Most studies have reported that the incidence of STAS is higher in lung cancer patients with solid nodules as shown on CT than in lung cancer patients with subsolid nodules (3,4). However, significant differences in nodule classification between the two groups have been identified. In this study, 78.5% of the STAS-positive group had solid nodules, which is consistent with previous studies (3,4). In recent years, the PSC has become a hot topic in lung cancer imaging studies and is an independent correlation factor for the recurrence and prognosis of early lung cancer (15,16). Notably, in this study, the PSC was more effective in predicting STAS than the tumor diameter. The PSC was easily obtained on CT, and had an optimal cut-off value of 63% with a sensitivity and specificity of 92.5% and 72.7%, respectively. This information could guide the reasonable treatment of lung cancer. Currently, it is controversial (17) whether pulmonary segmental resection is appropriate for pulmonary nodules located in the peripheral 1/2 area of lung, with a long diameter less than 2 cm, and a solid component ratio greater than 0.5. Based on the findings of this study, it was concluded that caution should be exercised when considering segmental resection for part-solid nodules with a diameter of less than 2 cm and a PSC greater than 63% to avoid increasing the risk of local recurrence.
In this study, the part-solid nodules were further stratified, and the results showed that the positive rate of STAS increased as the PSC increased. Notably, STAS was only observed in part-solid nodules with a solid component greater than 25%. “China’s National Expert Consensus on Thoracic Surgery for Lung Nodules (less than 2 cm) Wedge Resection 2023” recommends wedge resection for subsolid nodules with diameters less than 2 cm and PSC <0.25 (Class I recommendation).
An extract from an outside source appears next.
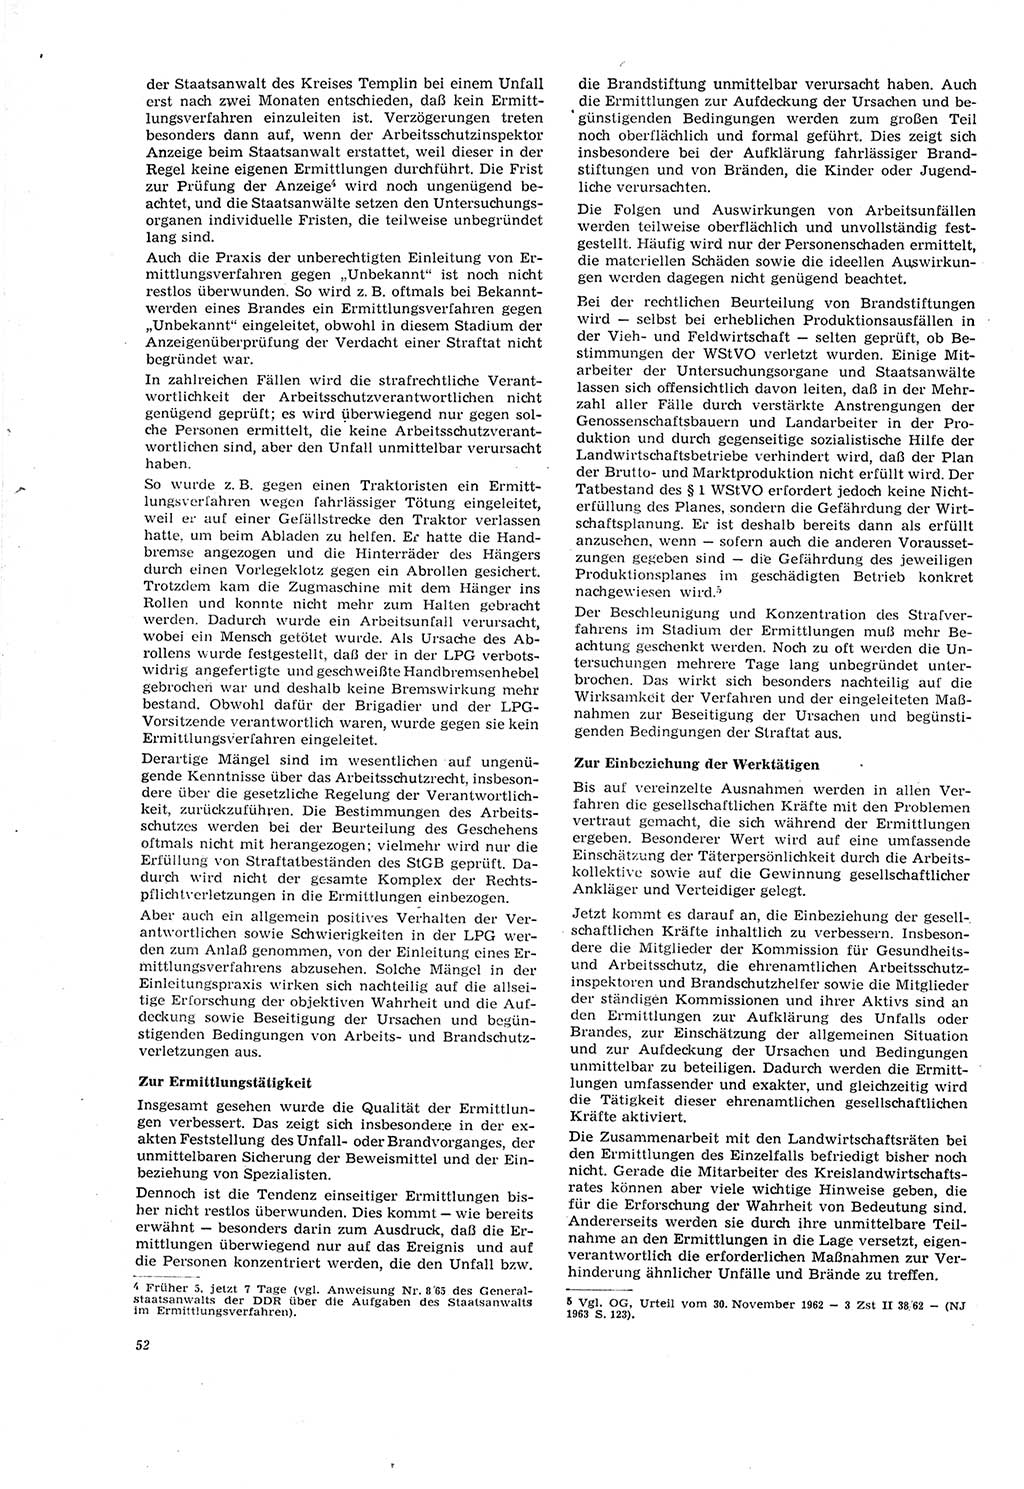 Neue Justiz (NJ), Zeitschrift für Recht und Rechtswissenschaft [Deutsche Demokratische Republik (DDR)], 20. Jahrgang 1966, Seite 52 (NJ DDR 1966, S. 52)

Importantly, the results of this study are consistent with this recommendation (18). Statistically significant differences were observed between the STAS-positive and STAS-negative groups in the lesions in terms of the burrs, lobulation, cavitation, ground-glass shadows with blurred boundaries, satellite foci, and pleural traction. Toyokawa et al. (10) also reported a correlation between STAS-positive and pleural depression, lobulation, burrs, and other signs. Tumors with malignant tendencies often display the imaging features of burrs, lobulation, and pleural stretch, and these features are associated with tumor invasiveness and poor prognosis.
Ground-glass nodules with blurred edges often indicate inflammation and bleeding, and ground-glass shadows with blurred boundaries may also appear around infiltrating mucinous adenocarcinoma, which is pathologically attributed to mucin filling the alveolar cavity, effusive macrophages, and tumor cells (19,20). The incidence of STAS in infiltrating mucinous adenocarcinoma is 50–70% (21). Ground-glass shadows with blurred boundaries were also detected at the tumor edge in the STAS-positive group. This study only included cases with blurred boundary glass shadows at the non-distal end of the lesion to differentiate obstructive pneumonia complicated by the tumor.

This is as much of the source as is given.